From a data consumer’s perspective, active metadata adds depth and breadth to their perception of the data that fuels their decision-making. By highlighting connections between data elements that would otherwise be hidden, active metadata promotes logical reasoning about data assets. This is especially so when working on complex problems that involve a large number of disconnected business and technical entities.
- The active metadata analytics workflow orchestrates metadata management across platforms to enhance application integration, resource management, and quality monitoring.
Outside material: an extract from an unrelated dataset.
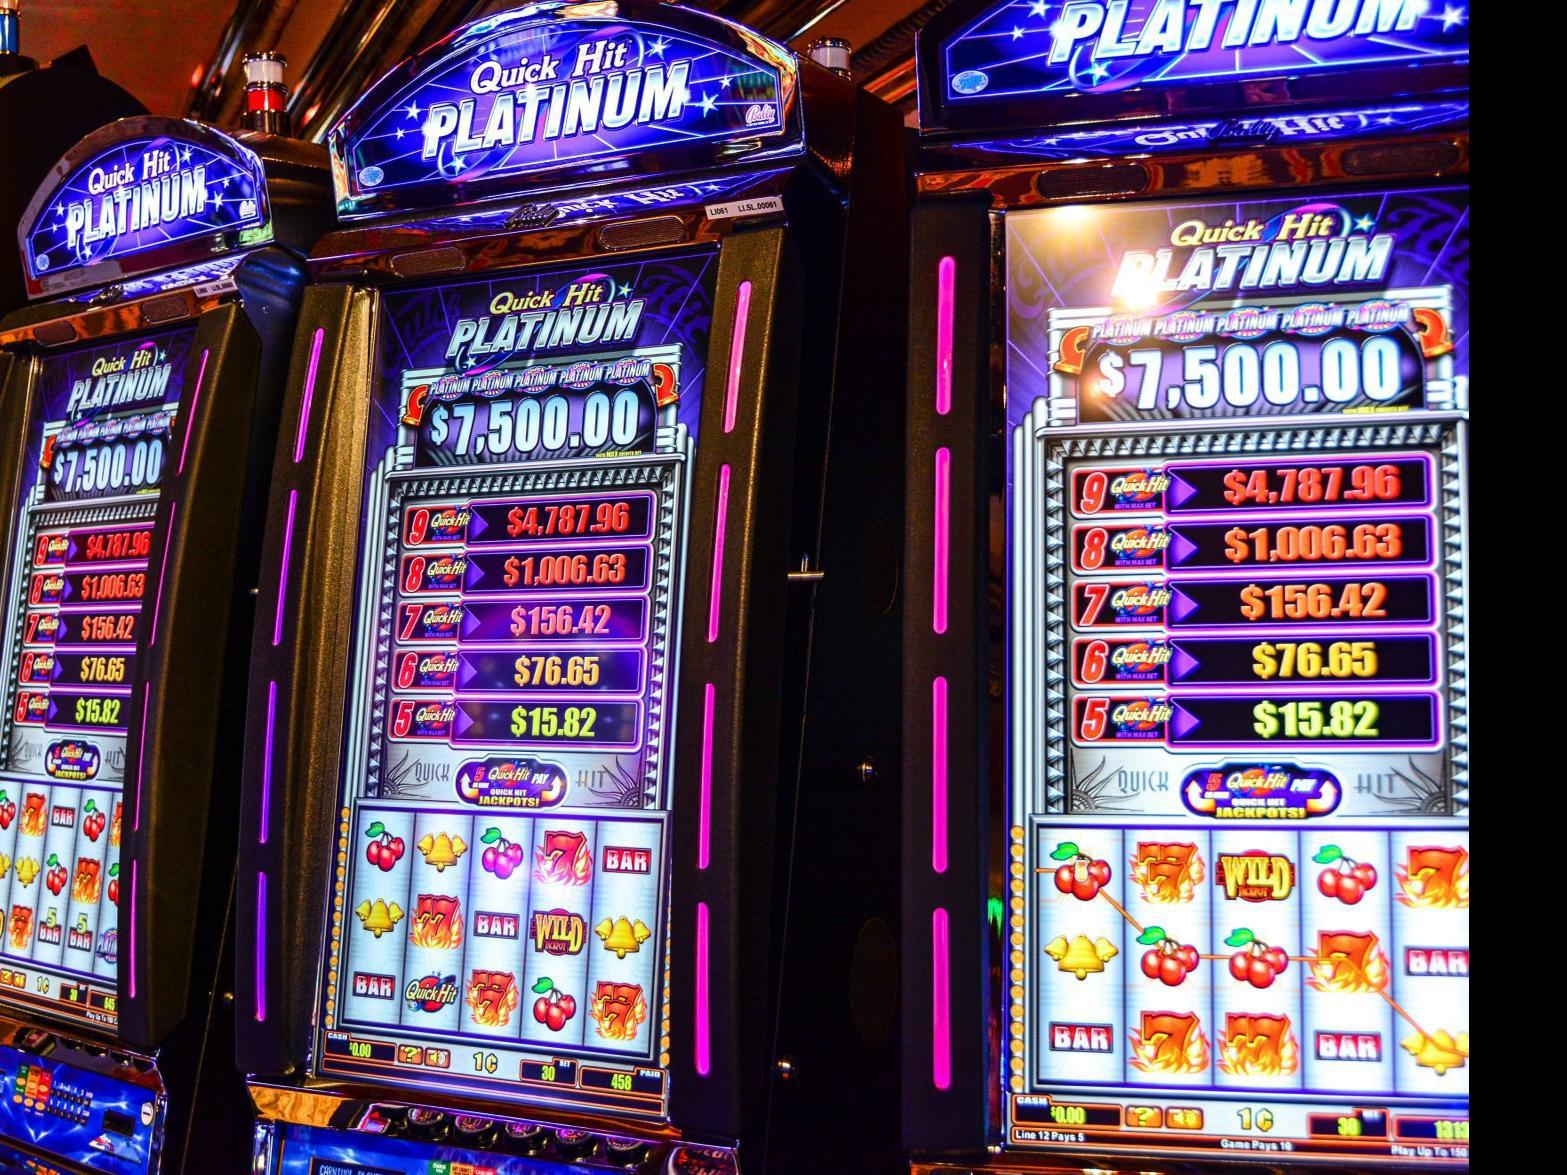 2019 Double Top Dollar Slot Machine Wins

It provides a single, comprehensive snapshot of the current status of all data assets involved in business decision-making.
- The technology augments metadata with information gleaned from business processes and information systems. This helps teams collaborate more efficiently while enhancing the overall accuracy of the company’s decision processes.
- By allowing decision makers to visualize metadata and identify and trace links between data assets, active metadata delivers a more complete picture with greater detail and the most up-to-date context. It promotes standardization of metadata definitions across applications, and throughout and beyond the enterprise.
- Active metadata’s built-in change management and auditing makes what-if scenarios and forecasting more reliable, which allows managers to anticipate the impact of proposed changes and updates with more precision. It also improves the company’s ability to respond quickly and more effectively to changing conditions.
Slow and steady may apply to races between tortoises and hares, but when it comes to making smart, winning business decisions, those who snooze, lose. Successful organizations aren’t satisfied with keeping up with the competition – they look to set the pace and leave their rivals far behind. Active metadata gives business decision-makers an edge by providing the most accurate, relevant, and timely information available.